Reputation: 357
DirectRunner gets the job done without issue, but Dataflow consistently fails because it is unable to delete, and then unable to rename temporary files.
This is the exact same code, exact same bucket, I only changed the runners:
public static DataflowPipelineOptions setOptions() {
List<String> experiments = new ArrayList<String>(); // experiments must be a MUTABLE list
experiments.add("use_runner_v2");
DataflowPipelineOptions options = PipelineOptionsFactory.as(DataflowPipelineOptions.class);
options.setRunner(DataflowRunner.class);
options.setProject("{PROJECT ID}");
options.setJobName("takt-dataflow-test");
options.setTempLocation(bucketPath + "temp/");
options.setStagingLocation(bucketpath + "staging/");
options.setRegion(region);
options.setServiceAccount(serviceAccountEmail);
options.setExperiments(experiments);
options.setSubnetwork(subNetwork);
return options;
}
public static void main(String[] args) {
String bucketPath = "gs://mybucketpath/";
DataflowPipelineOptions options = setOptions();
Pipeline p = Pipeline.create(options);
String inputPath = bucketPath + "input/test.csv";
String outputPath = bucketPath + "output/";
PCollection<String> lines = p.apply("ReadMyFile", TextIO.read().from(inputPath));
lines.apply("WriteMyFile", TextIO.write().to(outputPath + "test.txt"));
p.run().waitUntilFinish();
}
The undeclared variables here are me anonymizing things that are actually strings. I just write bucketpath straight out in setOptions, which is why I don't bother to pass it.
The difference between DirectRunner and DataflowRunner is I comment out the setRunner line. DirectRunner works perfect, Dataflow fails because it can't delete temp files from the bucket.
Thanks!
Upvotes: 1
Views: 1729
Reputation: 521
It seems to be a bucket object permission error. Check the Service Account and verify that you are using the right permissions.

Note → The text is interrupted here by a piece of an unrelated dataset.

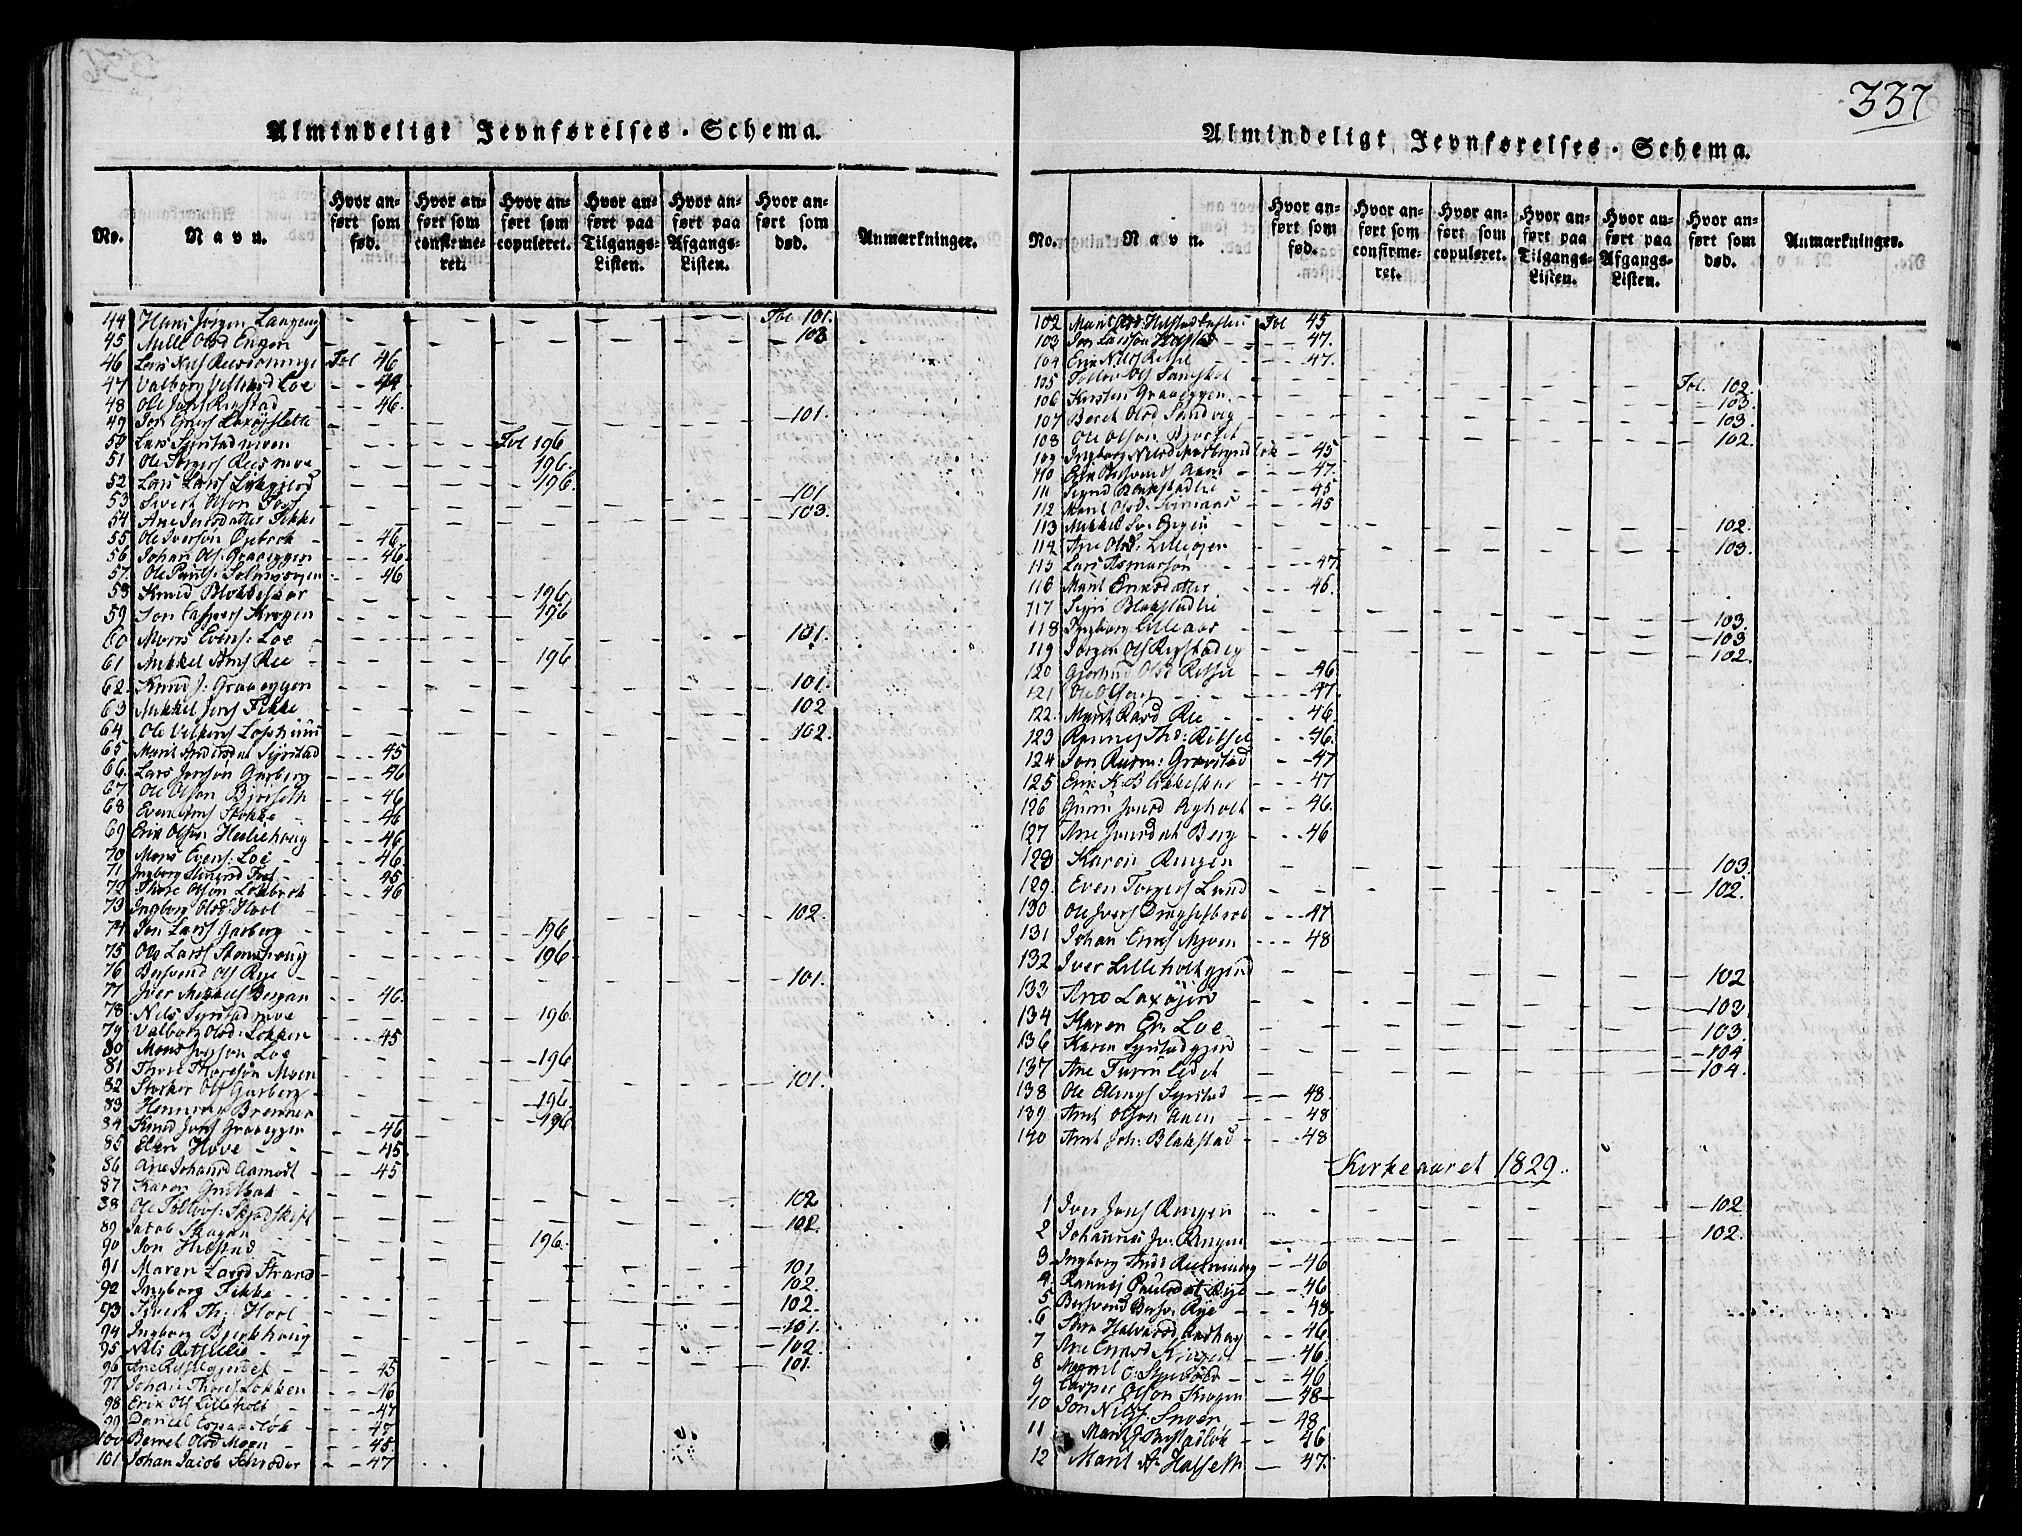 SAT, Ministerialprotokoller, klokkerbøker og fødselsregistre - Sør-Trøndelag, 672/L0853: Ministerialbok nr. 672A06 /1, 1816-1829, s. 337

If your bucket is on the same project as your Dataflow Job, you will need to grant the following permissions to your service account:
storage.objects.create
storage.objects.delete
storage.objects.get
storage.objects.getIamPolicy
storage.objects.list
Otherwise you will need to grant the object access permissions to your service account on the bucket project. This process is detailed here.
In order to grant the permissions, you can define the permissions as a role and assign the role to the service account:
gcloud iam roles create objectEditor \
--project={PROJECT_ID} \
--permissions=storage.objects.create,storage.objects.delete,storage.objects.get,storage.objects.getIamPolicy,storage.objects.list
gcloud projects add-iam-policy-binding {PROJECT_ID} \
--member=serviceAccount:{SERVICE_ACC_EMAIL} \
--role=objectEditor
Upvotes: 2
Reputation: 310
I faced the same issue. Then I updated Service Account permissions, try it may work for you.
storage.objects.create
storage.objects.delete
storage.objects.get
storage.objects.getIamPolicy
storage.objects.list
Upvotes: 1